An amazing new study is making a bold claim about violence: murder is natural for human beings, but civilization has helped us tame the savage beast that is within all of us. That’s based on an analysis of 1,000 mammal species and how often they kill their own kind.
The scientists found that closely related speices often kill each other at similar rates, so where we are on the evolutionary tree can tell us a lot about how violent we are. And we are related to some pretty violent animals, according to the study, which was published in the journal Nature.
The study says that humans definitely have an ancestral heritage of violence, and we are certainly closely related to other violent species. Mammals are the most violent of all animal groups, responsible for three killings out of every 1,000 deaths. Early humans may have topped out at about 120 per 1,000 in the medieval period of human history.
But that number has declined greatly since then. Now we’re down to 13 in 1,000. Still pretty high, but it shows that civilization may be finally taming mankind.
What’s on the other end of the spectrum? Surprisingly, it’s the killer whale, which may kill other animals with ruthless efficiency but almost never kills their own kind. Bats and anteaters are also up there.
And humans aren’t the most violent species. Cougars, types of baboons, lemurs and chinchillas are quite murderous, going above 100 per 1,000.
Here is the paper’s abstract:
The psychological, sociological and evolutionary roots of conspecific violence in humans are still debated, despite attracting the attention of intellectuals for over two millennia. Here we propose a conceptual approach towards understanding these roots based on the assumption that aggression in mammals, including humans, has a significant phylogenetic component.
By compiling sources of mortality from a comprehensive sample of mammals, we assessed the percentage of deaths due to conspecifics and, using phylogenetic comparative tools, predicted this value for humans. The proportion of human deaths phylogenetically predicted to be caused by interpersonal violence stood at 2%. This value was similar to the one phylogenetically inferred for the evolutionary ancestor of primates and apes, indicating that a certain level of lethal violence arises owing to our position within the phylogeny of mammals.
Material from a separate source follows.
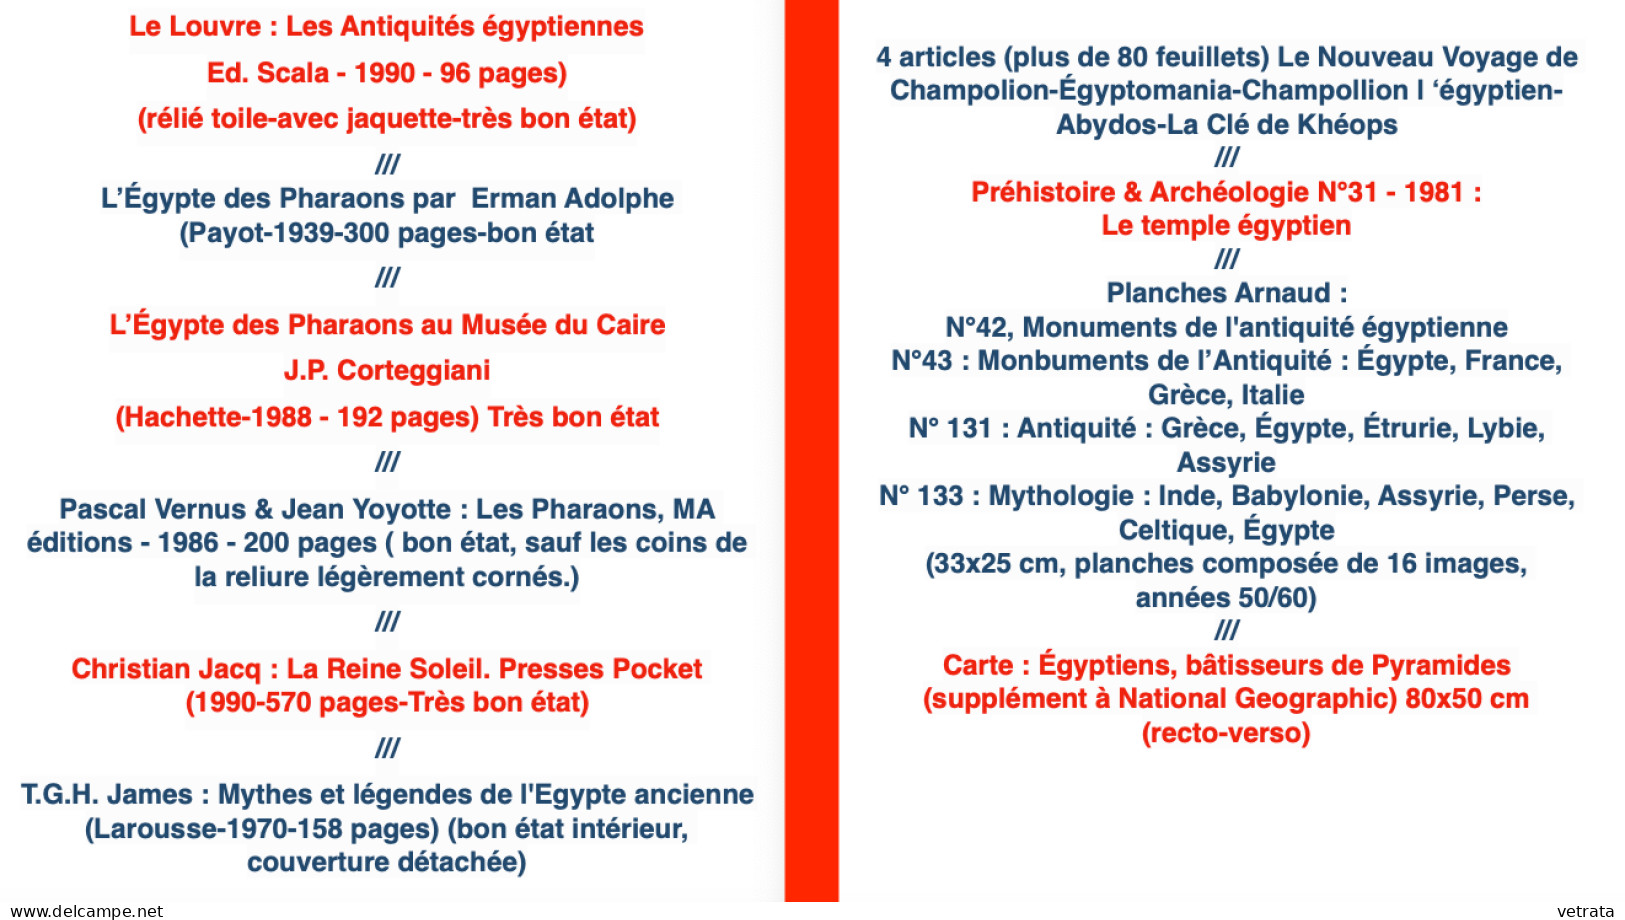 ÉGYPTE ANCIENNE/PHARAONS : 6 Livres - 1 Magazine - 4 Planches Arnaud & 1 Carte + 4 articles (plus de 80 feuillets) /// (

It was also similar to the percentage seen in prehistoric bands and tribes, indicating that we were as lethally violent then as common mammalian evolutionary history would predict. However, the level of lethal violence has changed through human history and can be associated with changes in the socio-political organization of human populations. Our study provides a detailed phylogenetic and historical context against which to compare levels of lethal violence observed throughout our history.